* [Problem]:
From the material below, set down exactly the lines that run from the one containing "Estadística: Ranking de" to the one containing "Флуимуцил-антибиотик ит для", minus the pictures.

* [Given information]:
* * * * * * * * *

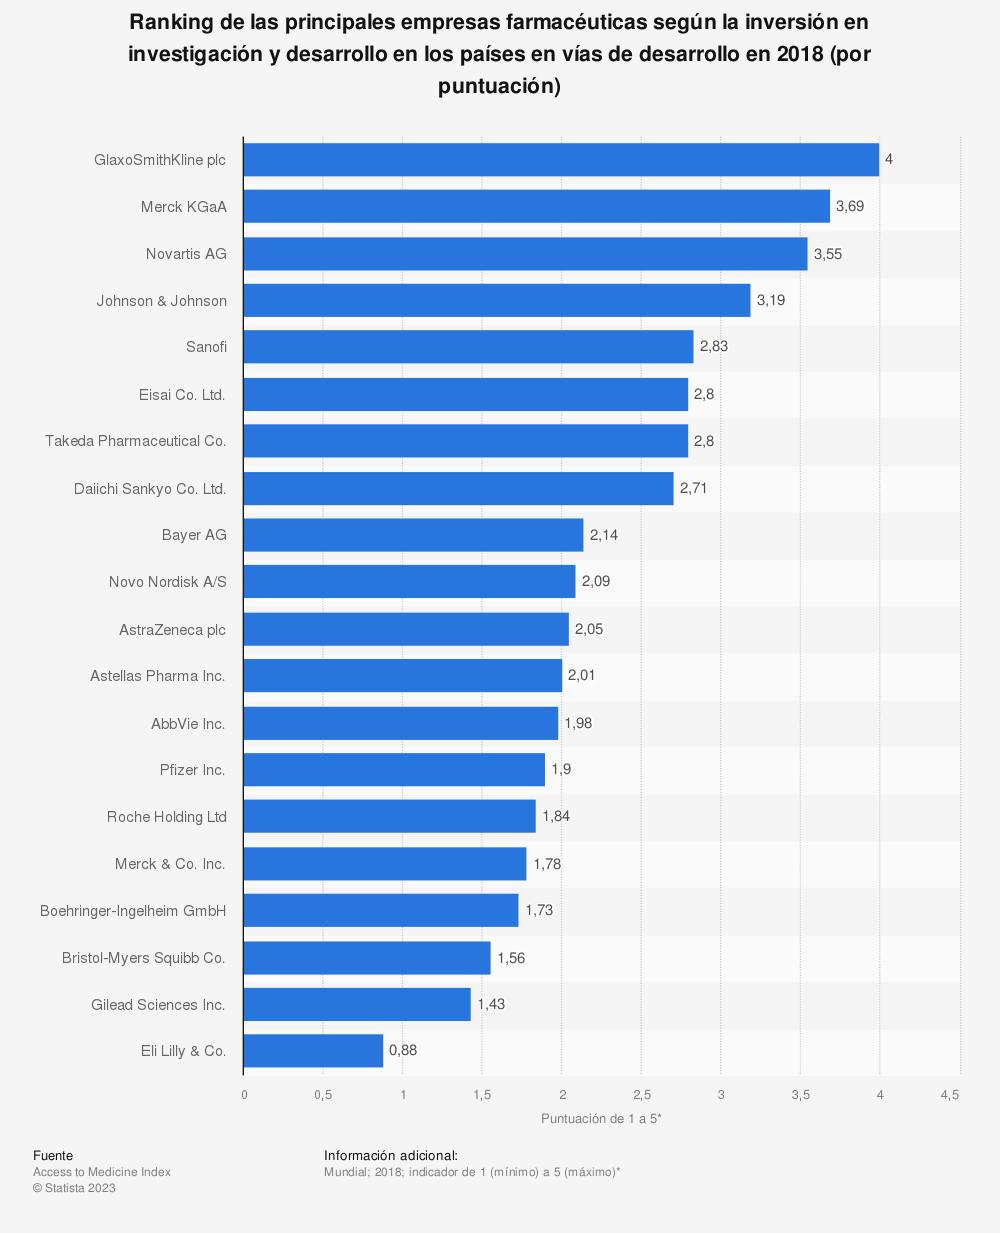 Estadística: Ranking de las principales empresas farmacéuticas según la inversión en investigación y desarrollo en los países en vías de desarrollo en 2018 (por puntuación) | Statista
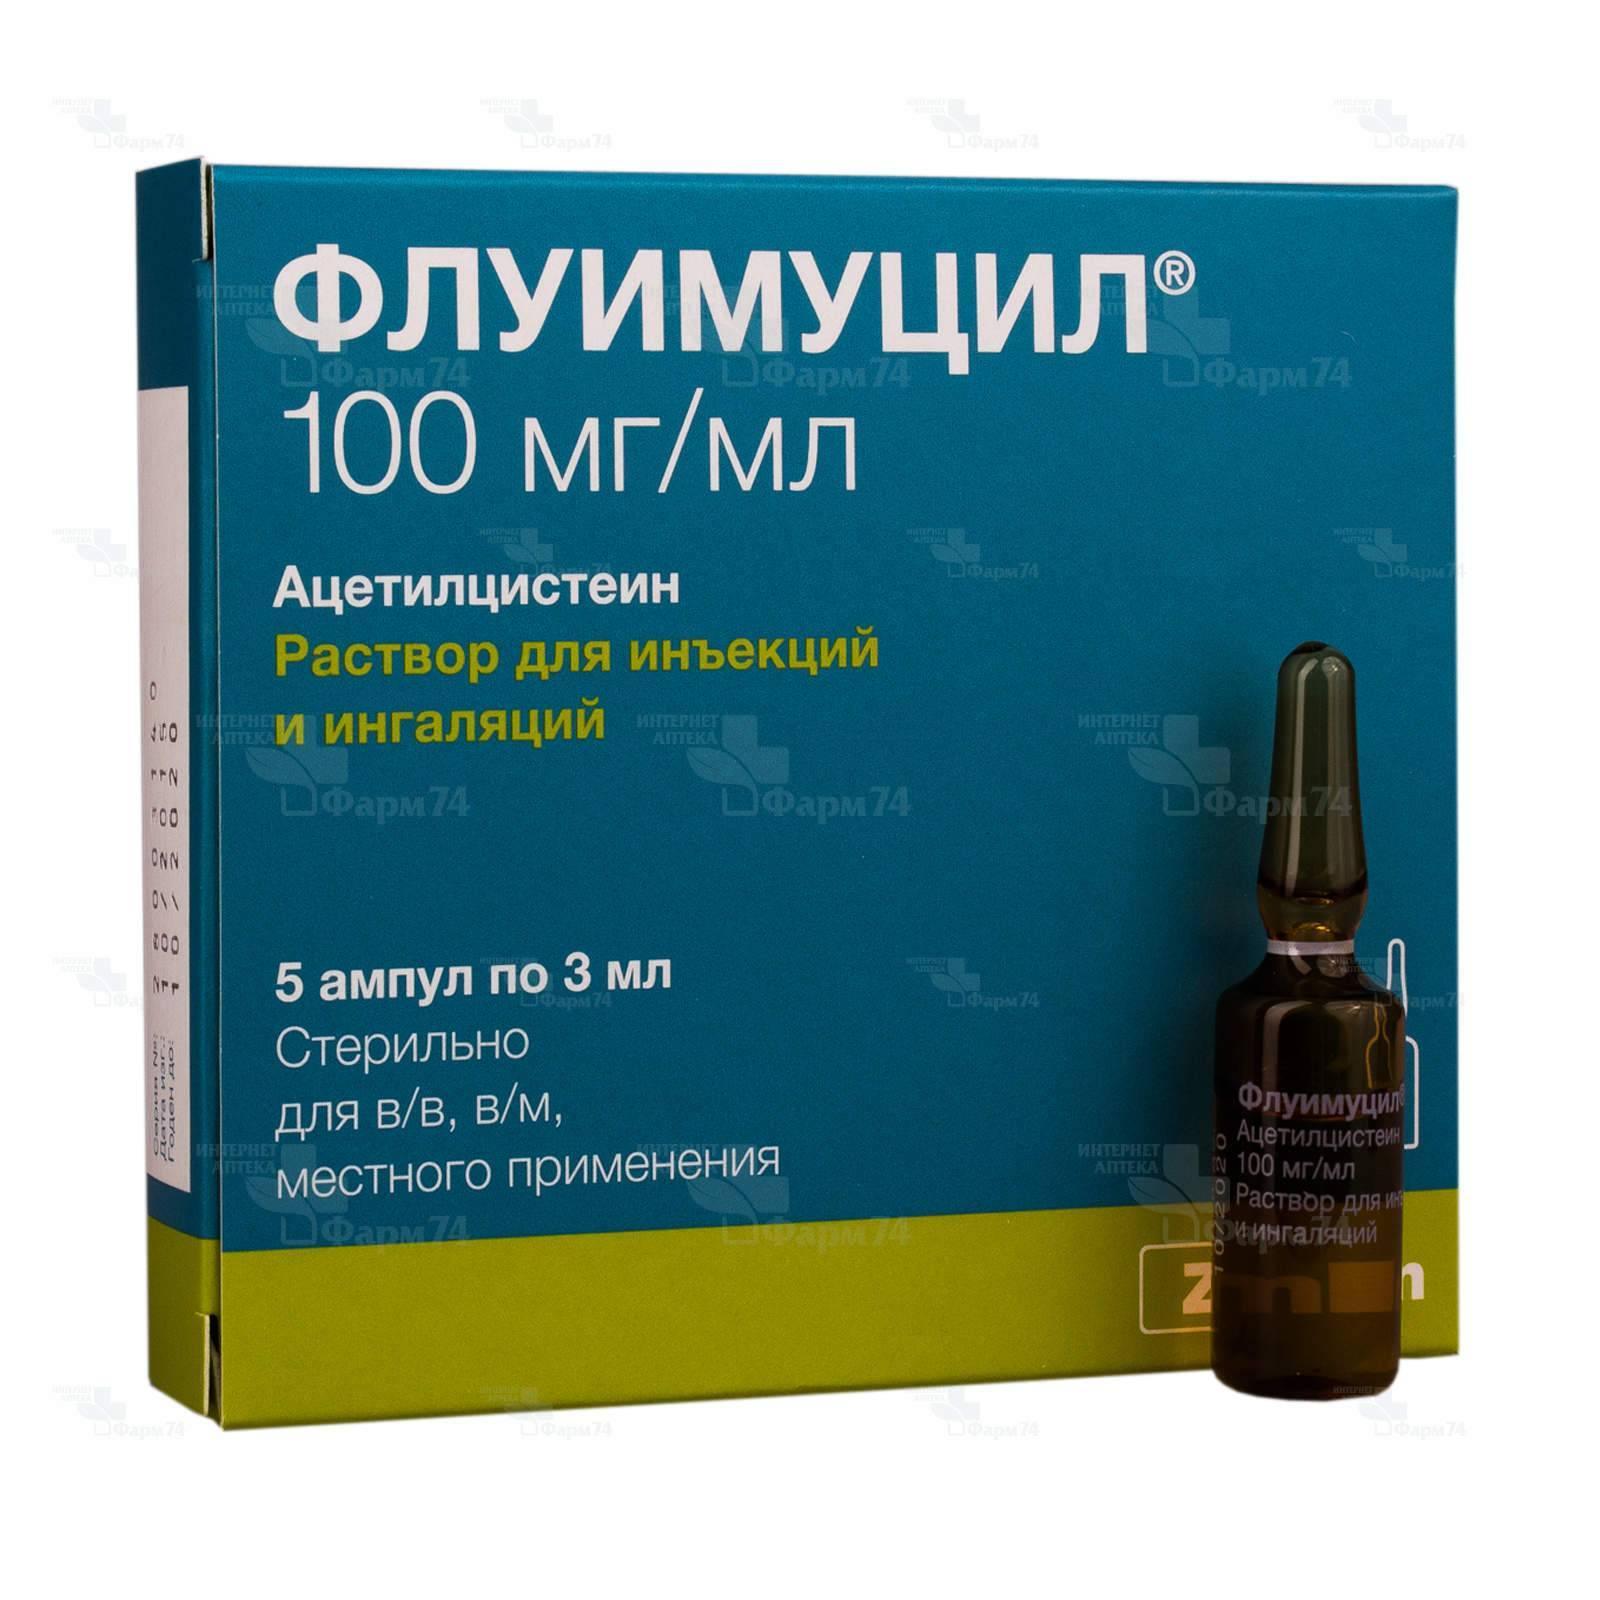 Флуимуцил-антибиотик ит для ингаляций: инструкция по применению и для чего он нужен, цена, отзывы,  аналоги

* * * * * * * * *

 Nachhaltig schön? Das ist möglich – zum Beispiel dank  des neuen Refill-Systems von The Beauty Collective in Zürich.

* * * * * * * * *

* [Problem solution]:
 Estadística: Ranking de las principales empresas farmacéuticas según la inversión en investigación y desarrollo en los países en vías de desarrollo en 2018 (por puntuación) | Statista
 Флуимуцил-антибиотик ит для ингаляций: инструкция по применению и для чего он нужен, цена, отзывы,  аналоги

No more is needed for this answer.